Windows XPを継続するか、Windows Vistaに移行するか

(2008年06月23日)

Windows Complete PCバックアップでディザスタ・リカバリも簡単に

ビジネス向けのWindows Vista Business/Enterprise/Ultimateでは、Windows Complete PCバックアップという、ディスク・ツー・ディスクの新しいバックアップ・ツールが利用できる。同バックアップは、ローカル・ディスク(外付けを含む)または書き込み可能なDVDメディアに対して、システムの完全なバックアップをドライブ単位で取得することを可能にする。

 バックアップは、「ボリューム・シャドウコピー・サービス(VSS)」と連動して、ブロック・レベルで、ディスク・イメージとして取得される。そのため、システムが完全に壊れてしまったとしても、DVDメディアまたは回復パーティションから起動して、バックアップ済みのイメージをディスクに展開することで、OSをインストールすることなく、高速な復旧が可能となる(画面4)。


画面4:Windows Complete PC復元の実行は、製品DVDメディアから起動して行う。イメージを展開するだけなので、高速かつ簡単に実行できる


 実は、Windows XP以前にもバックアップ・ツール「NTBackup.exe」が提供されており、Windows XPおよびWindows Server 2003では「ASR(自動システム回復)」というディザスタ・リカバリ機能を利用することができた。ASRを利用すれば、まっさらなディスクにシステムを復元することも可能だが、復元用Windowsをインストールし、その後、バックアップからシステムを書き戻すという手順が必要だった。また、復旧できるのはシステムが含まれるドライブに限定されていた。これに対して、Windows VistaのWindows Complete PCバックアップは、イメージを空のディスクに展開するだけなので、高速かつ確実だ。

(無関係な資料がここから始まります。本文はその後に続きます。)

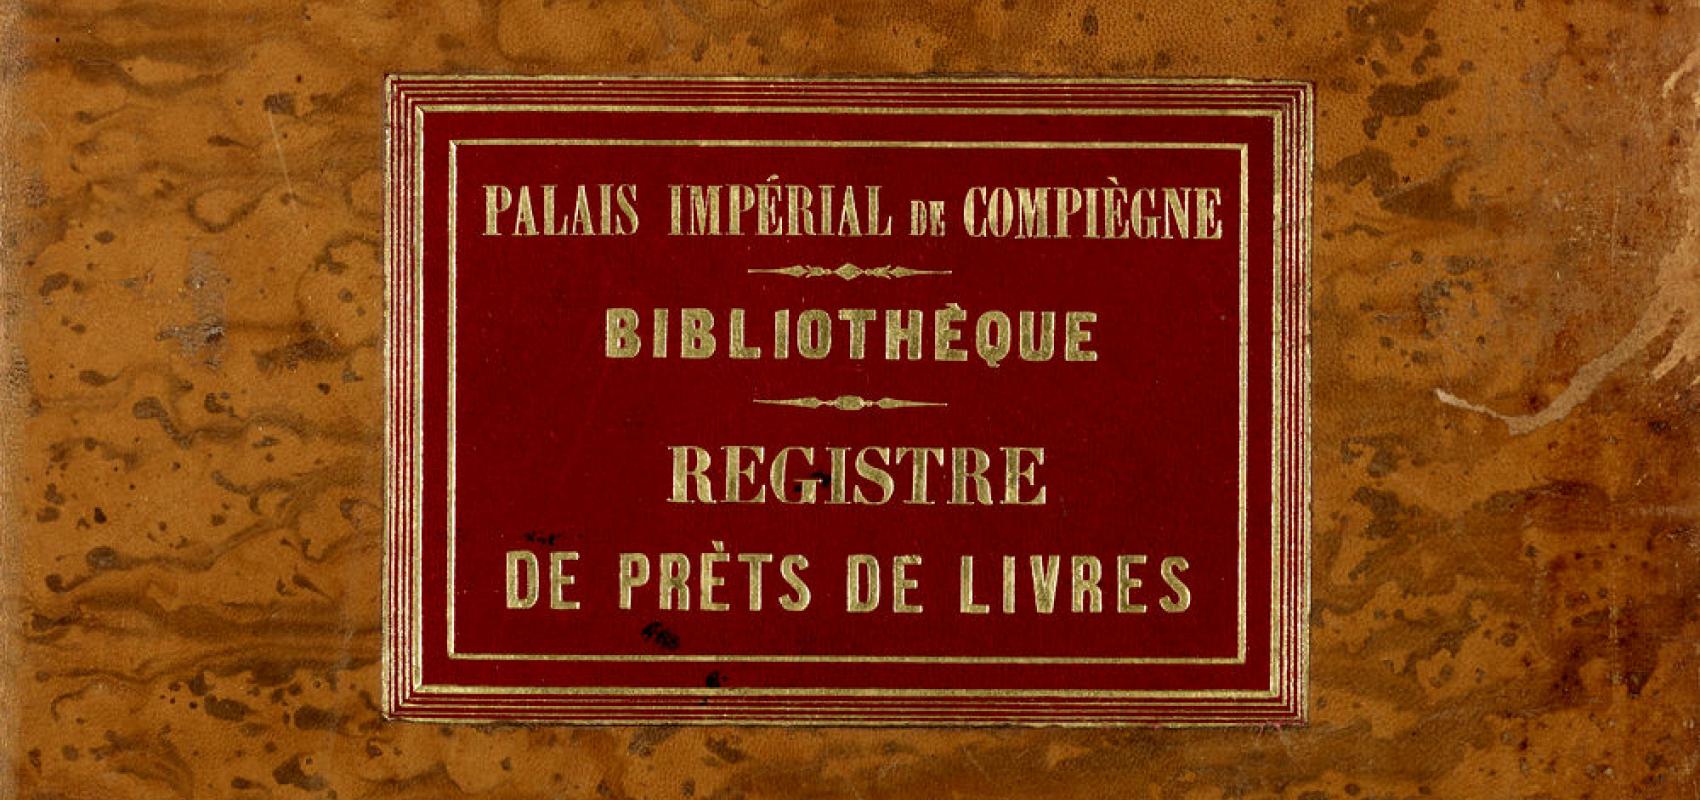 Palais impérial de Compiègne. Bibliothèque. Registre de prêts de livres -  - BnF

 Windows Complete PCバックアップを実行するには、バックアップ対象のドライブとバックアップ先のディスクまたはDVDメディアを指定するだけでよい。スケジュール機能やネットワーク共有へのバックアップには対応していないが、コマンドライン版の「WBADMIN.EXE」とタスク・スケジューラを組み合わせれば、ローカル・ディスクやネットワーク共有へのバックアップを完全に自動化することが可能だ。

Topics
どうする、64ビット化──ビジネス用途では時期尚早?

 Windows Vistaはすべてのエディションについて、32ビット版と64ビット版を用意しているが、いったい、どちらを選択すればよいのだろうか。

 サーバOSの分野では、64ビット化が進んでいる。Windows Server 2008については、32ビット版と64ビット版の両方が提供されているが、実は32ビットのサーバOSはこれが最後であり、次期バージョンのWindows Server 2008 R2からは64ビット版のみの提供になることが決まっている。

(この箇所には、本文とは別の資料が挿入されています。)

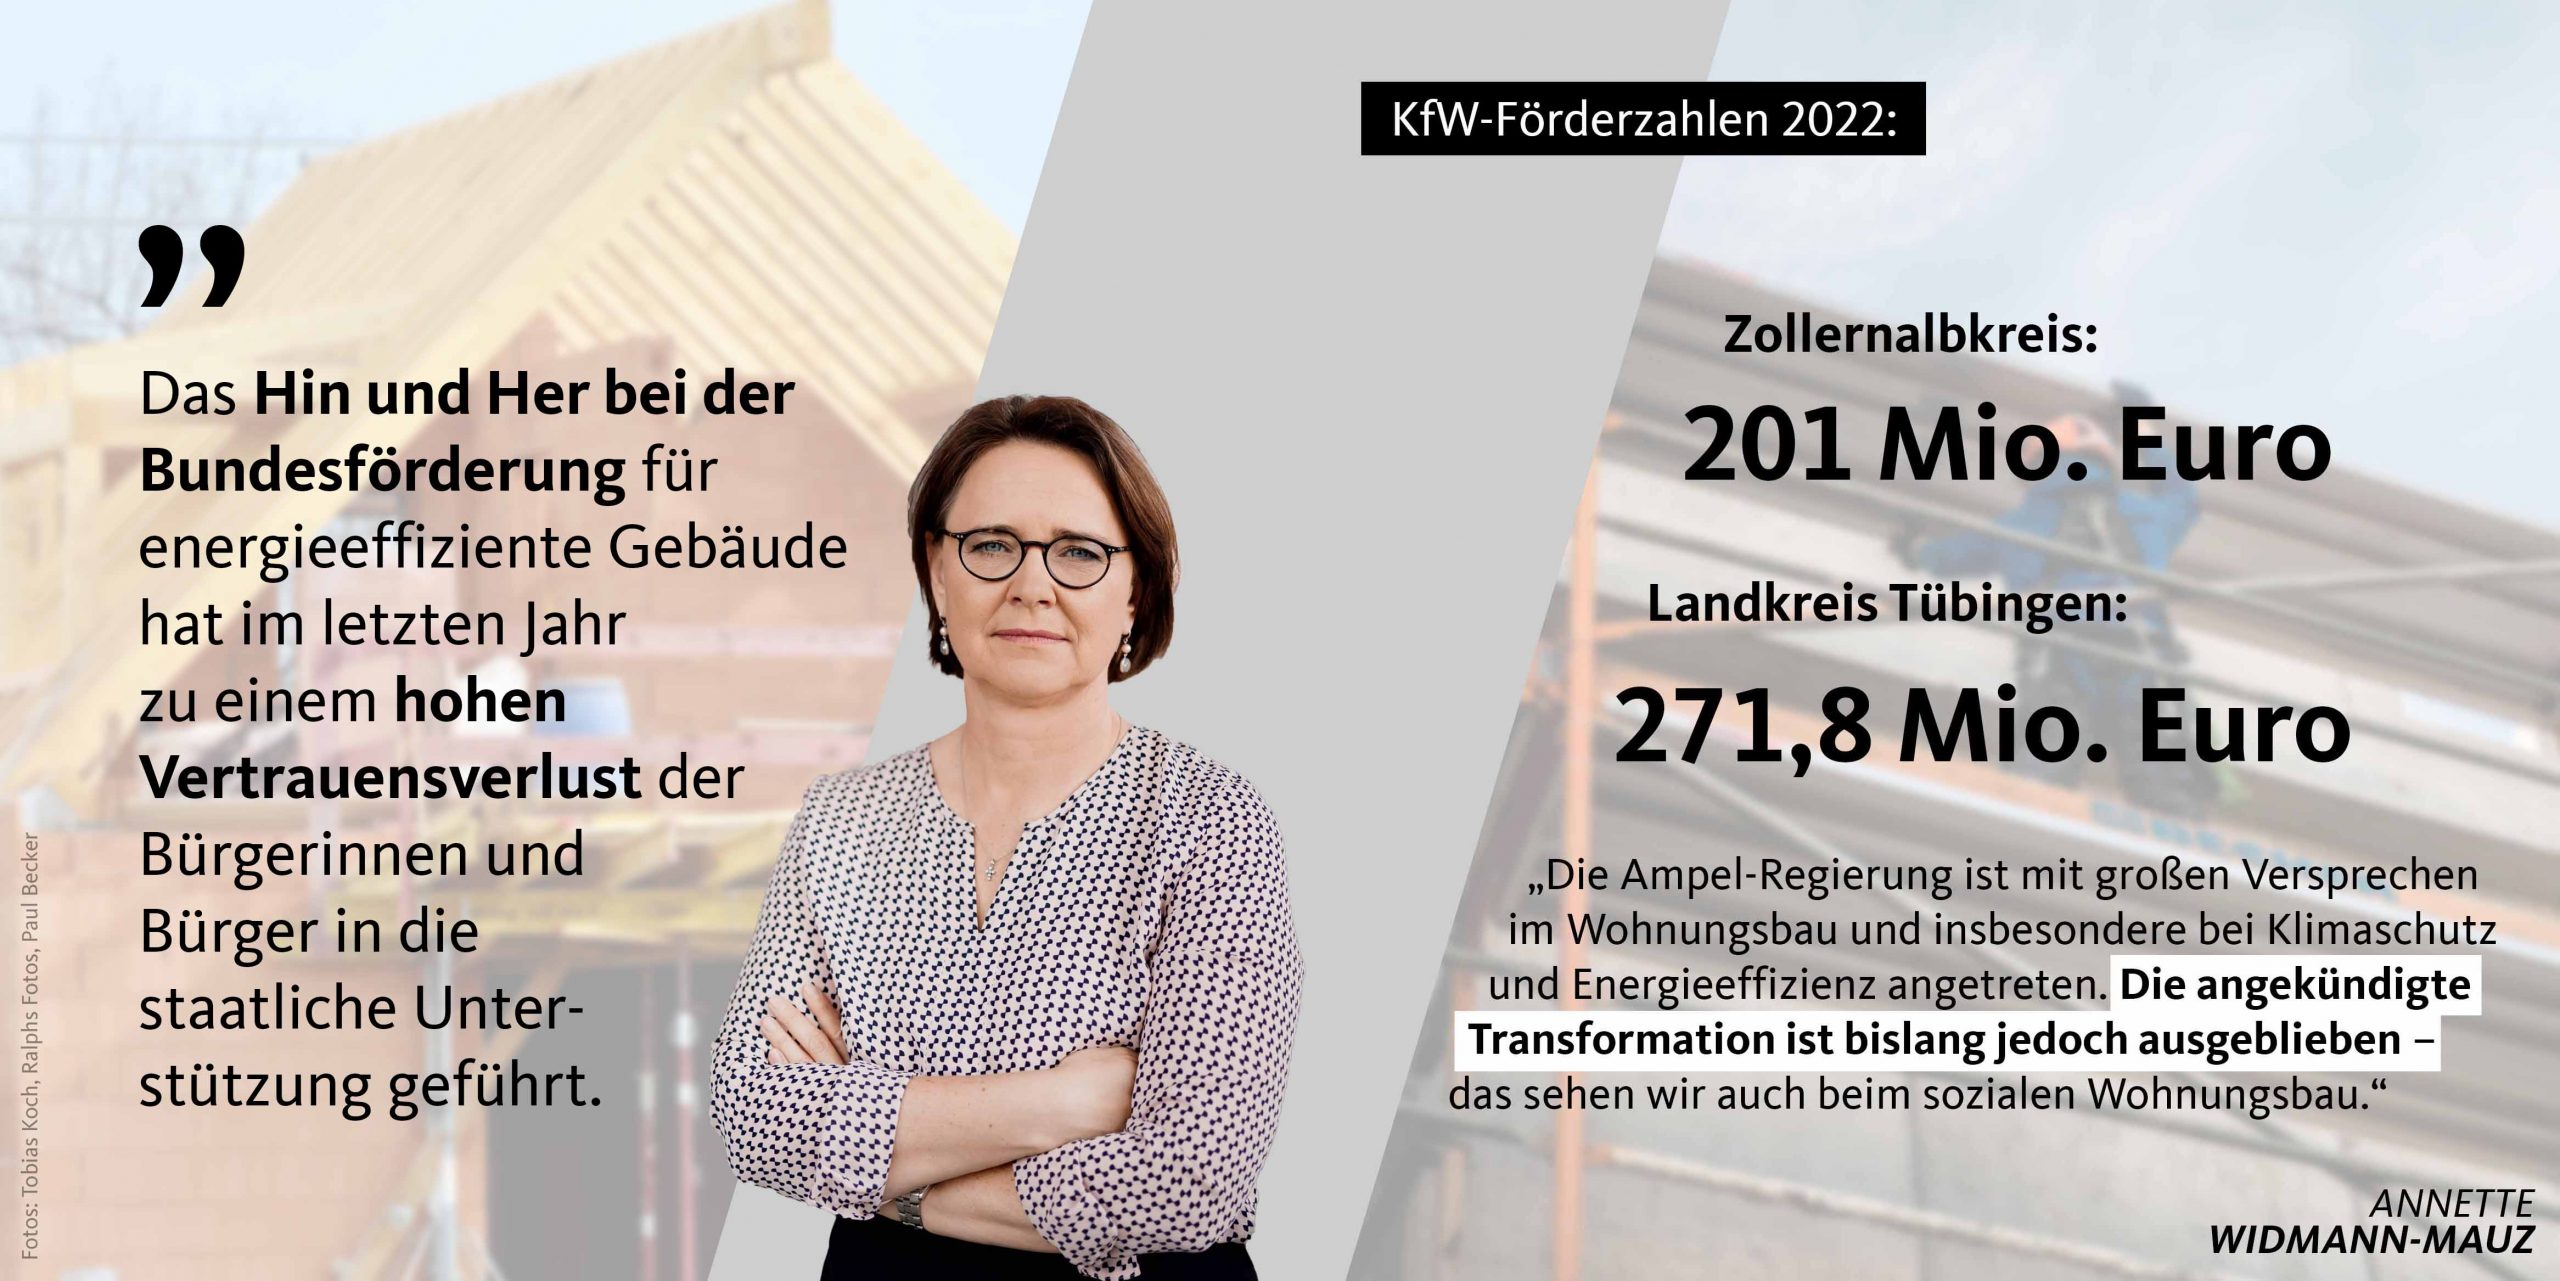 KfW-Förderung im Jahr 2022 im Landkreis Tübingen und im Zollernalbkreis auf hohem Niveau – Bundesregierung bleibt hinter selbstgesteckten Zielen zurück

 デスクトップやモバイル向けのPCにも、64ビットCPUを搭載したマシンは増えている。しかし、その上で稼働させるOSとしては、特に理由がない限り、32ビット版を選択するとよいだろう。

 64ビット環境の特徴は、32ビットOSの制約である4GBというメモリ制限がない点だ。逆に言えば、4GBを超える大容量メモリを必要とするアプリケーションを利用しない限り、32ビット版でも何の問題もないはずだ。逆に、64ビット版を選択してしまうと、周辺機器が問題になるケースが多い。

 アプリケーションについては、WOW64(Windows on Windows 64)により、32ビットアプリケーションも問題なく動作するのだが、デバイス・ドライバについては64ビット版のWindows向けに開発されたものでなければ動作しない。

 64ビット版が必要になるとすれば、エンジニアリング(CAD/CAM)業務、デジタルコンテンツの制作、科学/技術データ演算などで使う場合だろう。ビジネス用途で64ビット版を選択するメリットは、今のところ見当たらない。